In contrast, Ng et al. published data on 26 pfCD patients treated with anti‐TNFα therapy, 5 of whom achieved radiological healing at 6 months.11 All five of these patients maintained MRI healing until 18 months. In addition, a study by Tozer et al., which included 15 pfCD patients who achieved radiological healing, found that, of the 7 patients who continued biological therapy, 5 maintained MRI healing. In comparison, of the 8 patients who discontinued biologic therapy following healing, 5 had loss of response. This suggests that, while MRI healing may be a relatively less frequent outcome, it is arguably more clinically significant given its prognostic implications for long‐term response to biological therapy. As yet, there have been no studies directly comparing the long‐term clinical outcomes of patients achieving MRI healing to those achieving only clinical remission.
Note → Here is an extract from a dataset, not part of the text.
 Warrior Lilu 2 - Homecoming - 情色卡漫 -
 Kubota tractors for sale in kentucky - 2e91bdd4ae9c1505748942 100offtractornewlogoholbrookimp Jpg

The main limitation for this review is the significant heterogeneity in the nine studies. This included variations in the definitions of the clinical and radiological outcomes assessed, as well as of timing of clinical assessments and follow‐up MRIs. This is likely reflective of the fact that, currently, there is no established protocol for best practice treatment of pfCD. In particular, there were inconsistencies in what constituted clinical and radiological response between the various studies. This made it difficult to analyze data on clinical and MRI response rates, and as such, meta‐analysis was limited to rates of radiological healing compared to clinical remission.

Conclusion

Despite being a more accurate reflection of underlying disease activity and response to treatment, the radiological outcomes of pfCD remain less well documented. Lack of consensus regarding the definition of clinical and MRI improvement, or a universally accepted radiological grading system, has led to significant variability of end‐points assessed and heterogeneity in reported rates of improvement. Further studies, directly comparing long‐term outcomes following MRI healing to clinical remission, are required to determine whether more aggressive treatment to achieve radiological healing should be commonplace in clinical practice. The findings of this should inform a strict treatment protocol, outlining optimal combined medical and surgical therapy, timing of follow up including repeat MRI scans, and when and how to escalate therapy.